L'operazione dei carabinieri del Ros, coordinati dalla direzione distrettuale antimafia di Venezia, è stata comunque applaudita da esponenti politici e dall'associazione Avviso Pubblico

Foto di repertorio

Esponenti politici e l'associazione Avviso Pubblico, la quale si batte per la diffusione di una cultura antimafiosa, hanno espresso ieri, 12 febbraio, il loro plauso per il buon esito dell'operazione antimafia denominata Terry, svolta dai carabinieri del Ros, coordinati dalla direzione distrettuale antimafia di Venezia.

Il coordinatore regionale di Avviso Pubblico Andrea Cereser, sindaco di San Donà di Piave, ha sottolineato come le indagini abbiano documentato, per la prima volta in Veneto, l'attività di un gruppo della 'ndrangheta, la famiglia Multari, che ha agito anche grazie alla connivenza di un tessuto imprenditoriale locale. «Questa e altre precedenti inchieste confermano la presenza mafiosa sul territorio della provincia di Verona, che si sta sempre più manifestando», ha aggiunto Mirco Frapporti, coordinatore di Avviso Pubblico in provincia di Verona e sindaco di Fumane.

Ciò che ha maggiormente colpito, infatti, dell'operazione Terry, è il fatto che alcuni cittadini e imprenditori hanno chiesto aiuto a membri della famiglia Multari per la risoluzione di problemi, come nel caso dello yacht Terry. La distruzione del natante era stata richiesta agli 'ndranghetisti dal proprietario, il quale aveva trovato un acquirente a cui avrebbe voluto venderlo. L'acquirente avrebbe però scoperto dei gravi difetti nello yacht e così ha contestato la vendita. Il proprietario, un imprenditore veneziano, avrebbe così chiesto di incendiare la barca per evitare le perizie.

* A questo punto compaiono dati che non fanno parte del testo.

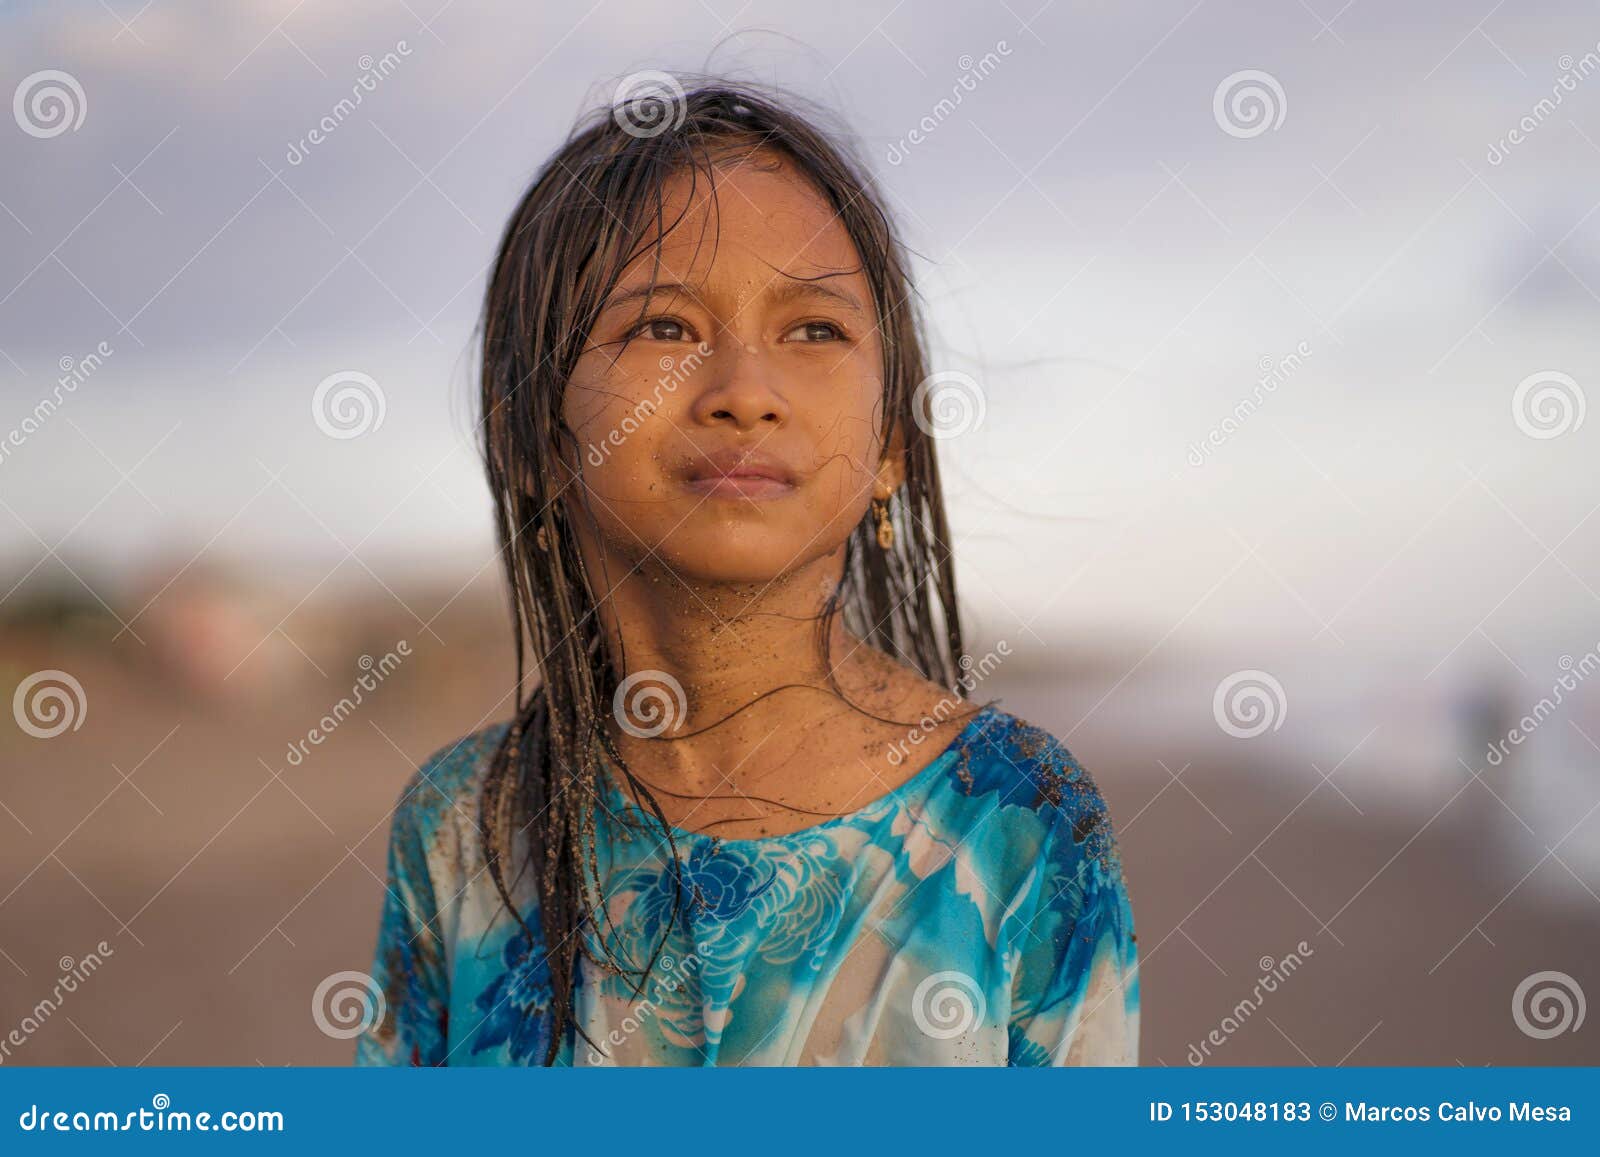 Young Beautiful and Happy 7 or 8 Years Old Asian American Mixed Child Girl  with Wet Hair Enjoying Holidays Playing in the Sea Stock Image - Image of  female, holidays: 153048183

«Se verranno confermate le accuse che hanno portato a sette arresti per associazione mafiosa contro sospetti 'ndranghetisti, si aprirà un nuovo scenario che bisogna subito approfondire e combattere», ha commentato la deputata veronese del Movimento 5 Stelle Francesca Businarolo. Mentre di "non notizia" parla il senatore veronese del Partito Democratico Vincenzo D'Arienzo.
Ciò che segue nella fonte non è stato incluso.